I am currently trying to find the roots of this function below.
$$ f_s(c,s,\alpha,\rho, \gamma, us) =(\alpha s^{\rho-1} ((1-\alpha)c^\rho + \alpha s^\rho)^{((1-\gamma)/\rho) – 1}) – us $$
, where us is one whole variable.
I want to find the roots of this function, given fixed values of s,alpha,rho,gamma and us. The issue is, I have typed this function into wolfram trying different fixed values, but the result is always that it yields no roots.
s = 40, alpha = 0.5, rho = 0.5, gamma = 2, us = 3
s = 20, alpha = 0.2, rho = 0.5, gamma = 2, us = 2
Is there something I'm missing or does this equation truly have no roots? I've attached some more images below that might be of help, thanks a lot!
Wolfram Alpha Giving the Origin of that function above, and us is just a new variable I made up to subtract from it.
EDIT 1 : Thank you for all your suggestions; I have tried graphing it, and for sure there are no roots. This is supposed to work with either of the fixed values I chose, so I would conclude that this function really has no roots and I was down the wrong track. If anyone else has any insights, that would be great but if not, thanks for your help everyone and I'll close this thread.
Best Answer
Let's rename $us$ to $u$, since it's more common to work with single-character variable names in math (and it makes it easier to read). The equation is $$\alpha s^{\rho-1}\big[(1-\alpha)c^\rho+\alpha s^\rho\big]^{\frac{1-\gamma}\rho-1}=u.$$ Now, for every quintuple $(\alpha,s,c,\rho,\gamma)$, there is (exactly) one value of $u$ for which the equation is satisfied.

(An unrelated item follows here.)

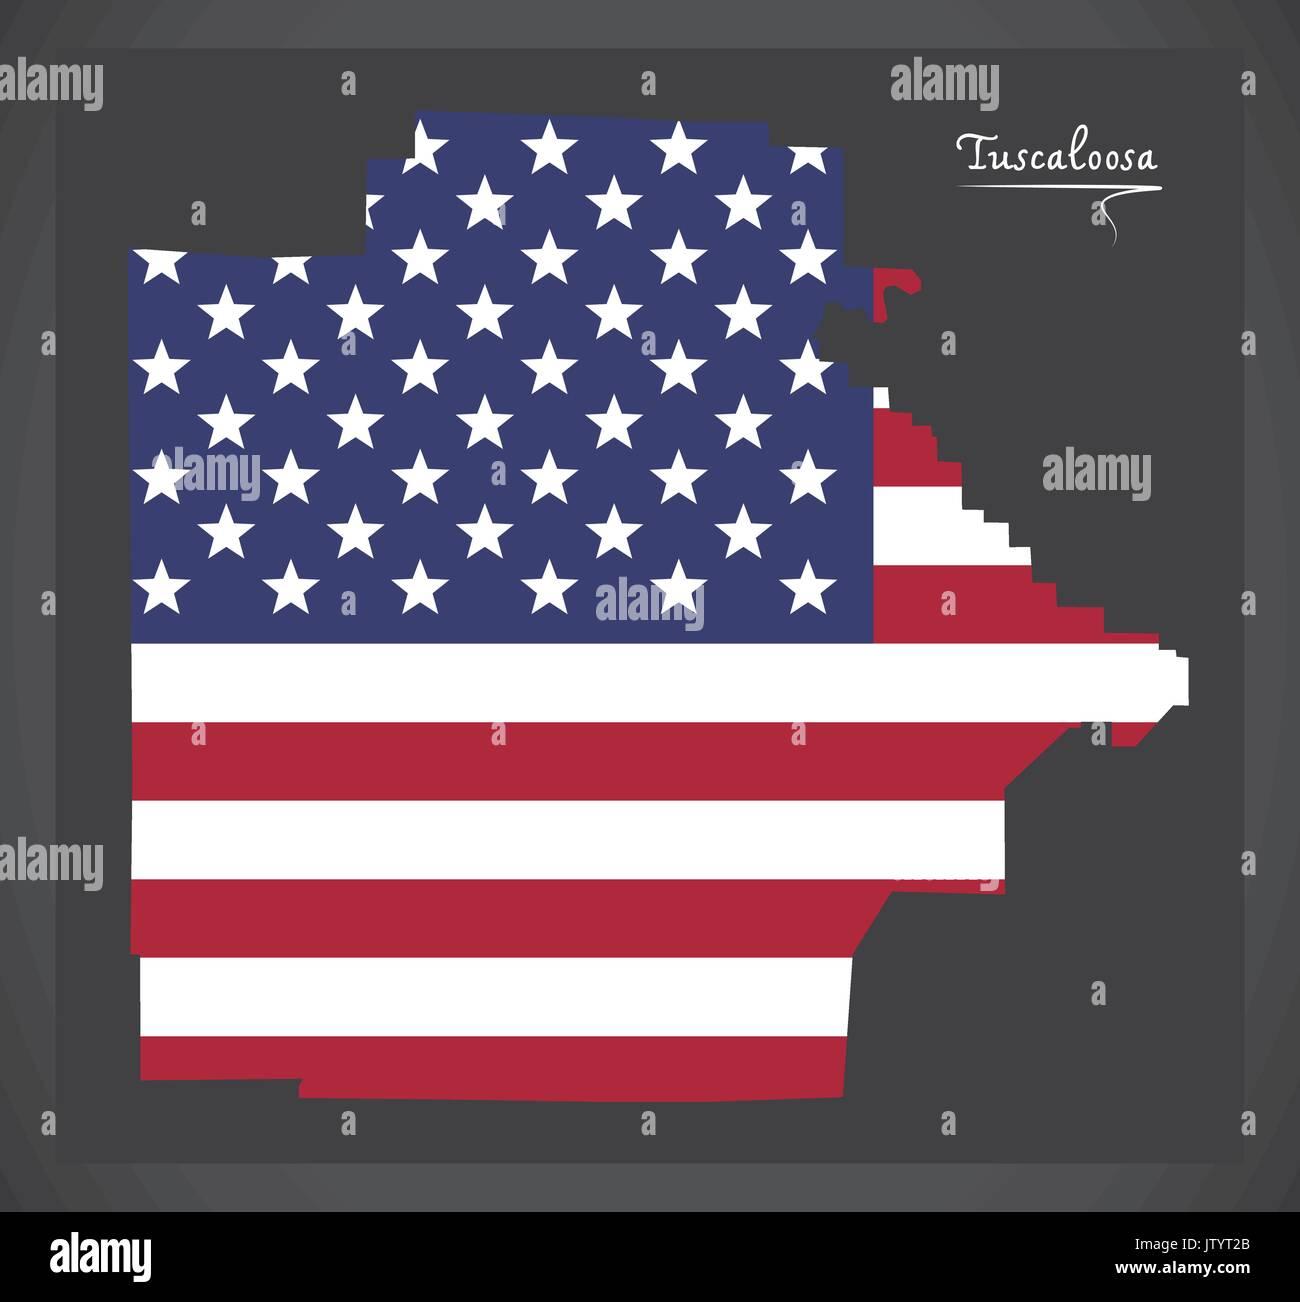 Tuscaloosa county map of Alabama USA with American national flag illustration - Stock Image

This means that, for at least some values of $(\alpha,s,\rho,\gamma,u)$, there is some value $c$ that satisfies the equation: pick some real $c_0$ and some parameters $(\alpha,s,\rho,\gamma)$, set $$u_0=\alpha s^{\rho-1}\big[(1-\alpha)c_0^\rho+\alpha s^\rho\big]^{\frac{1-\gamma}\rho-1},$$ and then $c=c_0$ will be a root of the equation with parameters $(\alpha,s,\rho,\gamma,u_0)$.
This may not be that satisfying, since it doesn't tell you much about when a solution might exist. Let's try to solve the system. We can first divide by $(\alpha s^{\rho-1})$ to get $$\big[(1-\alpha)c^\rho+\alpha s^\rho\big]^{\frac{1-\gamma}\rho-1}=\frac{u}{\alpha s^{\rho-1}}.$$ Now, we can take each side to the power of $\frac{1-\gamma-\rho}{\rho}$ to get $$(1-\alpha)c^\rho+\alpha s^\rho = \left(\frac{u}{\alpha s^{\rho-1}}\right)^{\frac{1-\gamma-\rho}\rho}.$$ This gives $$c^\rho=\frac1{1-\alpha}\left(\frac{u}{\alpha s^{\rho-1}}\right)^{\frac{1-\gamma-\rho}\rho}-s^\rho\frac{\alpha}{1-\alpha}.$$ So, depending on your value of $\rho$, this might be solvable (if $\rho$ is an odd integer, there is a root somewhere, while otherwise you probably want the right side to be positive). In general, though, if $$\left(\frac{u}{\alpha s^{\rho-1}}\right)^{\frac{1-\gamma-\rho}\rho}\geq \alpha s^\rho,$$ then there is a (positive real) solution for $c$.
Edit (to explain the remark on how the solvability depends on $\rho$): Say $\rho$ is some arbitrary real number. Where is $c^\rho$ defined? A priori, it's hard to say how to define exponentation exactly -- it's easy when $\rho$ is an integer and we can just multiply $c$ together a bunch of times, but harder for arbitrary $\rho$. It turns out (and Desmos, for example, will give you a graph of this) that you can define $c^\rho$ for any real $\rho$, as long as $c$ is positive (for an example of why this constraint is reasonable, think about $(-1)^{1/2}$; it turns out we can define exponentiation $x^y$ for all reals, but we lose some nice properties, like the fact that $x^y$ is a real number). These values are always positive, so there is only a solution to $c^\rho=x$ in $c$ for arbitrary $\rho$ when $x$ is positive.
If we're in the special case where $\rho$ is an integer, then we can define $c^\rho$ for all real $c$, and then try to solve for $c$. If $\rho$ is even, $c^\rho\geq 0$ for all $c$, and so we can't solve $c^\rho=x$ for negative $x$. However, if $\rho$ is odd, we can!